The primary aim of this study was to determine whether thrombin-gelatin matrix (TGM) combined with an absorbable gelatin sponge (AGS) could more greatly reduce intraoperative blood loss (IBL) in unilateral open-door laminoplasty than the sole use of an AGS could. The secondary aims were to evaluate the hemostatic efficiency, amount of postoperative bleeding, and safety of the application of TGM combined with an AGS.
IBL during cervical laminoplasty is substantial and is a proper indication for the application of hemostatic agents. However, we are unaware of any clinical trials on the application of TGM and an AGS in posterior cervical spine surgery.
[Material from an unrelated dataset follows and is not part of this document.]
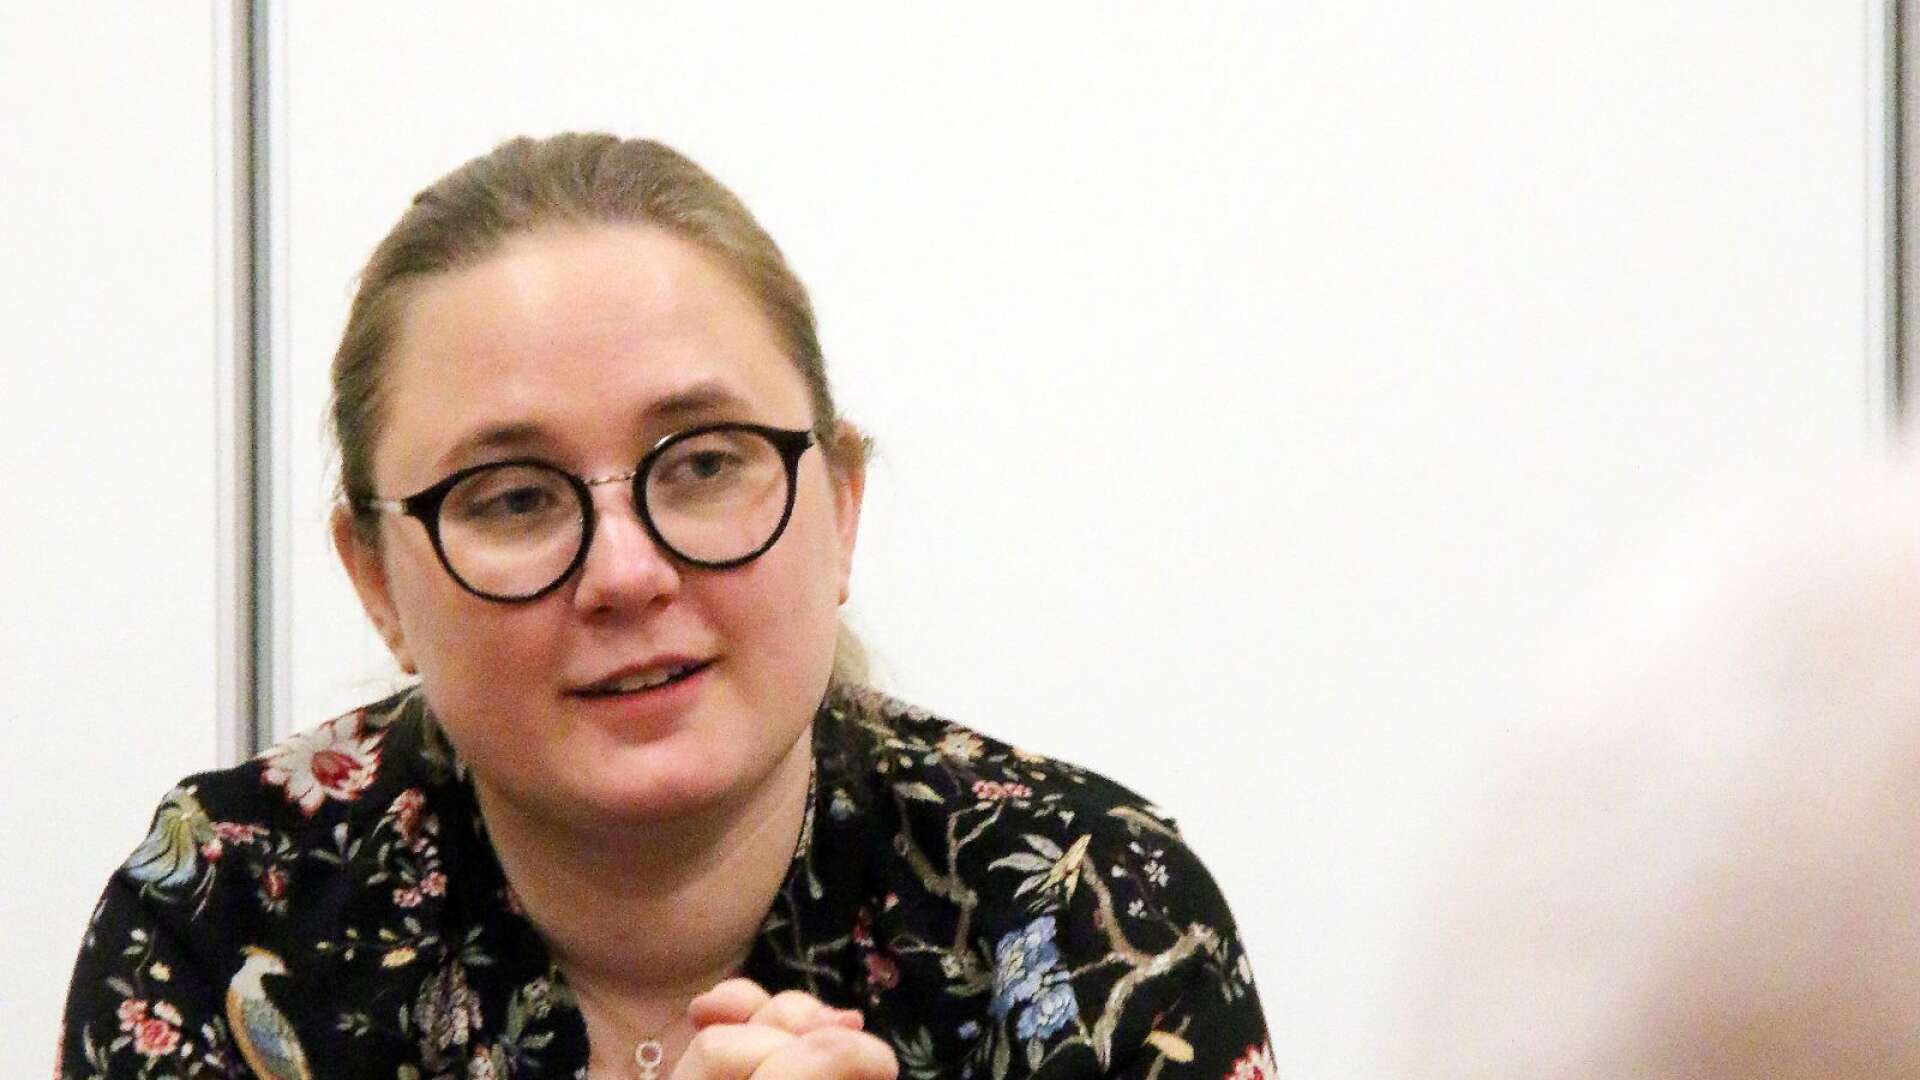 Vänsterns miljöarbete på väg in i 2019, var Elin Segerlinds tema när hon höll en föreläsning i Gamla Real i Ed på måndagen.

A total of 80 consecutive patients who underwent unilateral open-door laminoplasty were enrolled from September 2020 to March 2022. Patients were randomized into 2 groups, the TGM-AGS group and the AGS group, with 40 patients in each group. The primary outcome was IBL. Other outcomes included the duration of operation, duration of hemostasis, duration of drainage, maximum decrease in hemoglobin (Hb), length of hospital stay, volume of drainage, number of drainage days, occurrence of adverse events, coagulation indicators, and patient-reported outcome measures (PROMs).
The mean IBL for patients in the TGM-AGS group (75.22 ± 21.83 mL) was significantly lower than that in the AGS group (252.43 ± 57.39 mL) (mean difference = 177.21 mL, 95% confidence interval [CI], 157.88-196.53 mL, t=18.25, P <0.001); the duration of hemostasis, volume of drainage, days of drainage in the TGM group, and maximum decrease in Hb were also significantly less than those in the AGS group ( P <0.01).
The hemostatic efficacy of TGM-AGS is better than that of an AGS alone in IBL. TGM-AGS is also superior to an AGS alone in the evaluation of hemostatic efficiency and postoperative bleeding.
前瞻性、随机、平行对照试验。
本研究的主要目的是确定凝血酶 - 明胶基质(TGM)联合可吸收明胶海绵(AGS)在单侧开门式椎板成形术中是否比单独使用AGS能更大程度地减少术中出血量(IBL)。次要目的是评估TGM联合AGS应用的止血效率、术后出血量及安全性。
颈椎椎板成形术中的IBL较多,是应用止血剂的合适指征。然而,我们尚未知晓关于TGM和AGS在颈椎后路手术中应用的任何临床试验。
2020年9月至2022年3月共纳入80例连续接受单侧开门式椎板成形术的患者。患者被随机分为两组,即TGM - AGS组和AGS组,每组40例。主要结局指标为IBL。其他结局指标包括手术时长、止血时长、引流时长、血红蛋白(Hb)最大降幅、住院时间、引流量、引流天数、不良事件发生率、凝血指标以及患者报告结局量表(PROMs)。
TGM - AGS组患者的平均IBL(75.22±21.83 mL)显著低于AGS组(252.43±57.39 mL)(平均差值 = 177.21 mL,95%置信区间[CI],157.88 - 196.53 mL,t = 18.25,P < 0.001);TGM组的止血时长、引流量及引流天数以及Hb最大降幅也显著少于AGS组(P < 0.01)。
在减少IBL方面,TGM - AGS的止血效果优于单独使用AGS。在止血效率和术后出血评估方面,TGM - AGS也优于单独使用AGS。